-------- MATERIAL TO PROCESS

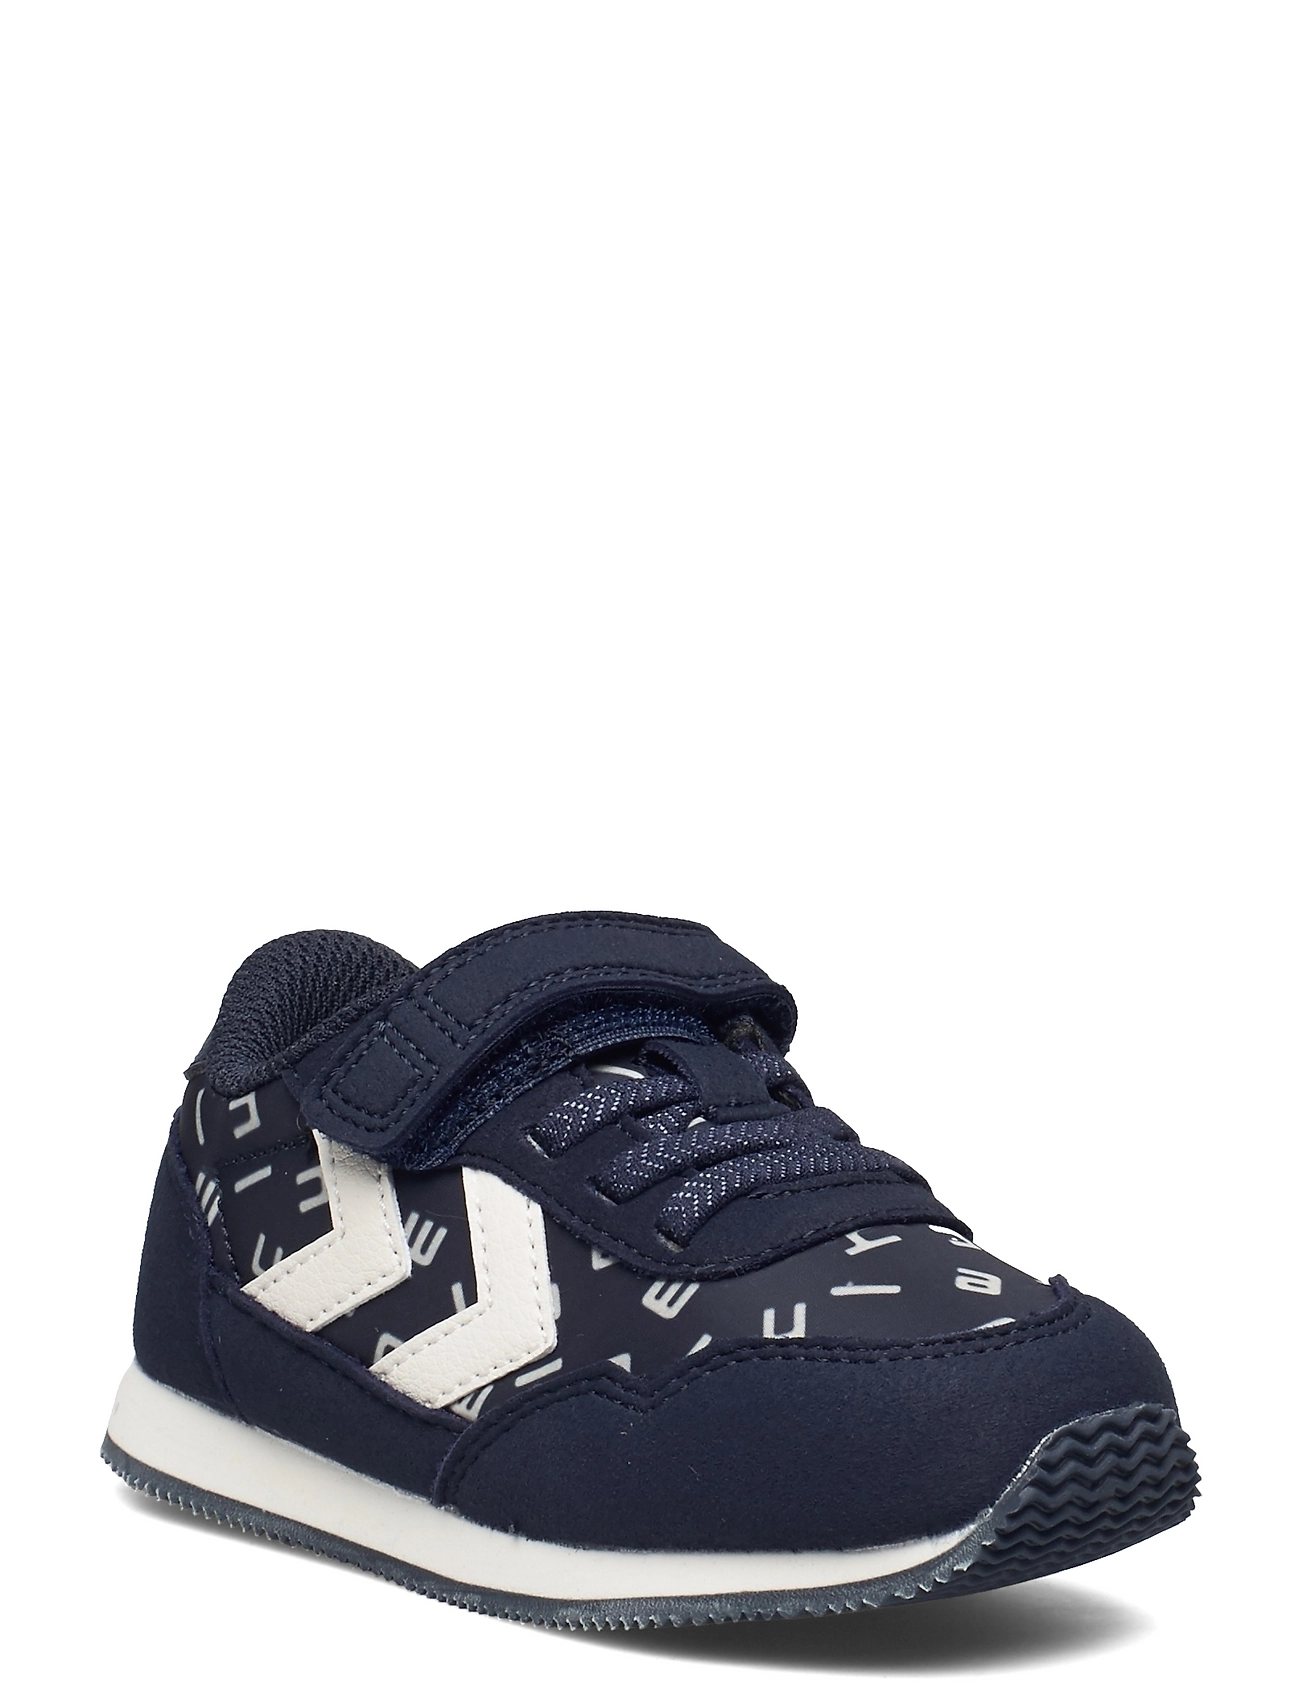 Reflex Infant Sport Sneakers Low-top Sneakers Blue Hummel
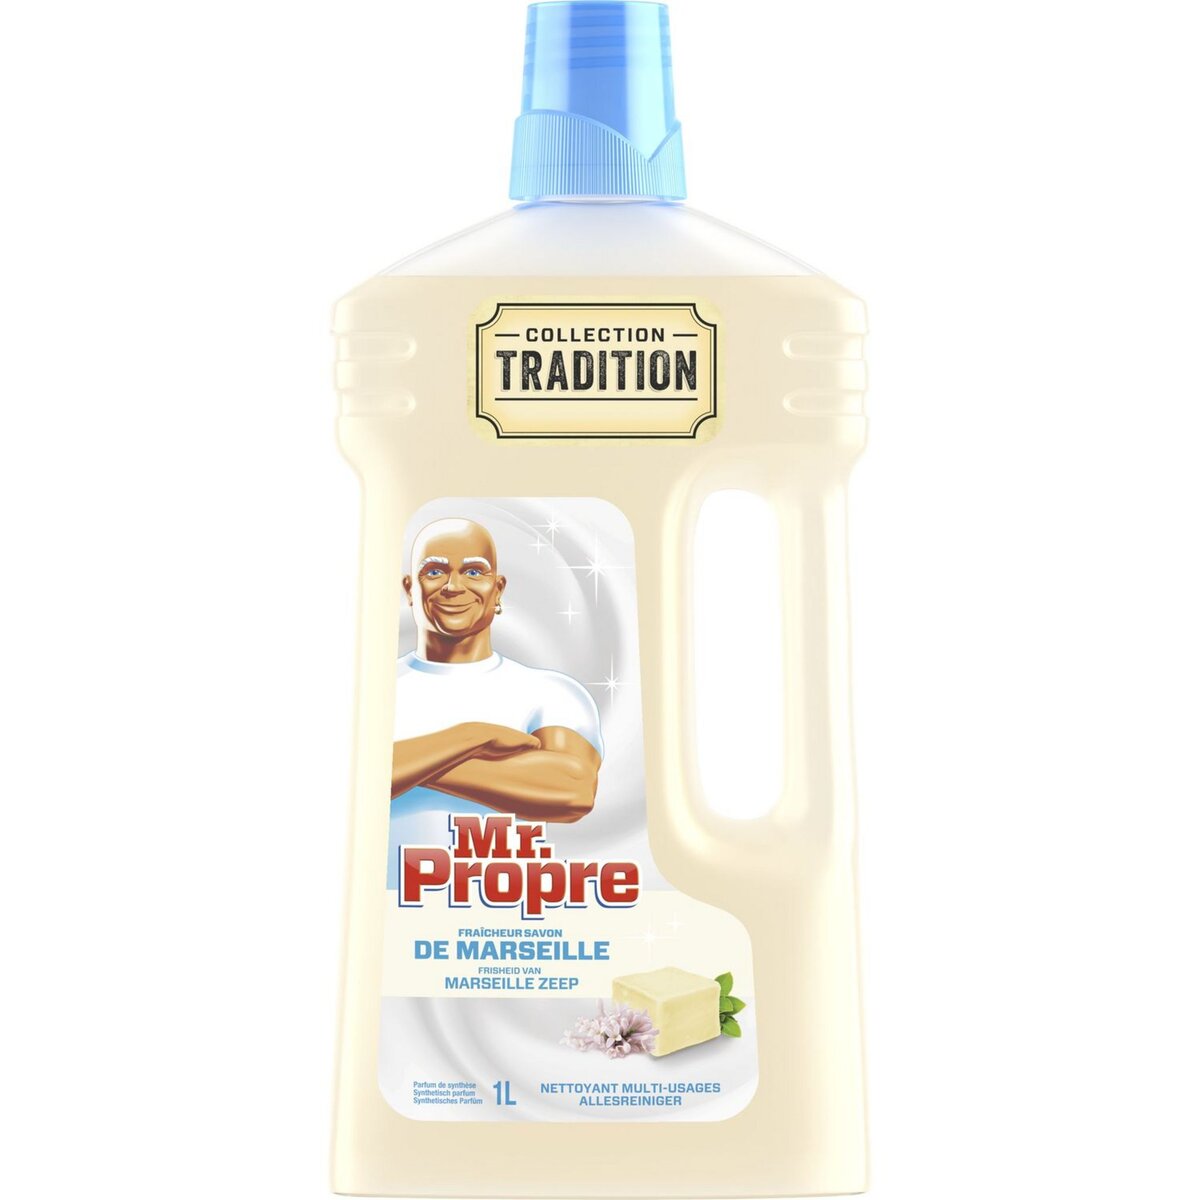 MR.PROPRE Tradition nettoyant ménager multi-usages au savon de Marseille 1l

----------------
-------- MATERIAL TO PROCESS

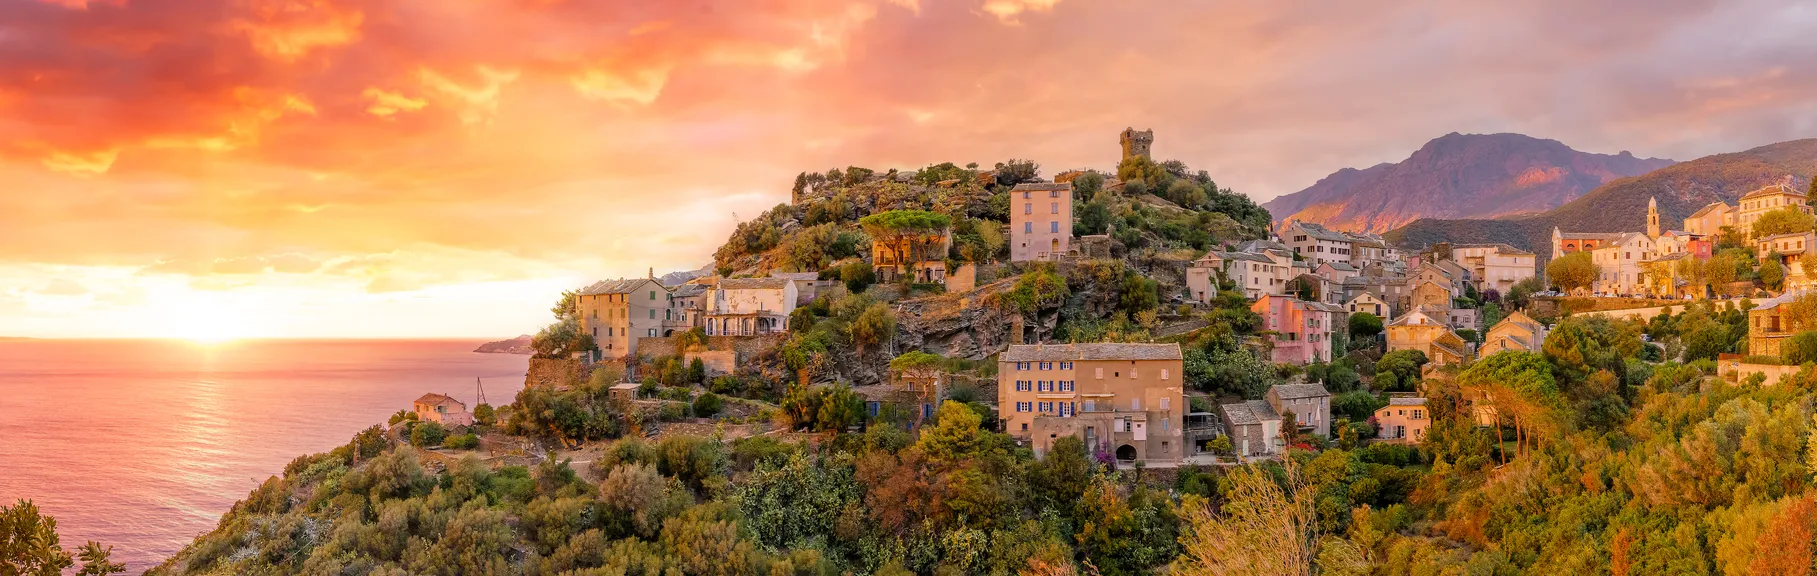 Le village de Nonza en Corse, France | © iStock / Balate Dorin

----------------
-------- MATERIAL TO PROCESS

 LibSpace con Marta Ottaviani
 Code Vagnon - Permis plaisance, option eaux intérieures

----------------

PROBLEM DESCRIPTION:
Here the job is to copy the stretch of records from the line containing "Reflex Infant Sport" through the line containing "MR.PROPRE Tradition nettoyant", word for word. Leave every picture out.

RESULT OF THE EXERCISE:
 Reflex Infant Sport Sneakers Low-top Sneakers Blue Hummel
 MR.PROPRE Tradition nettoyant ménager multi-usages au savon de Marseille 1l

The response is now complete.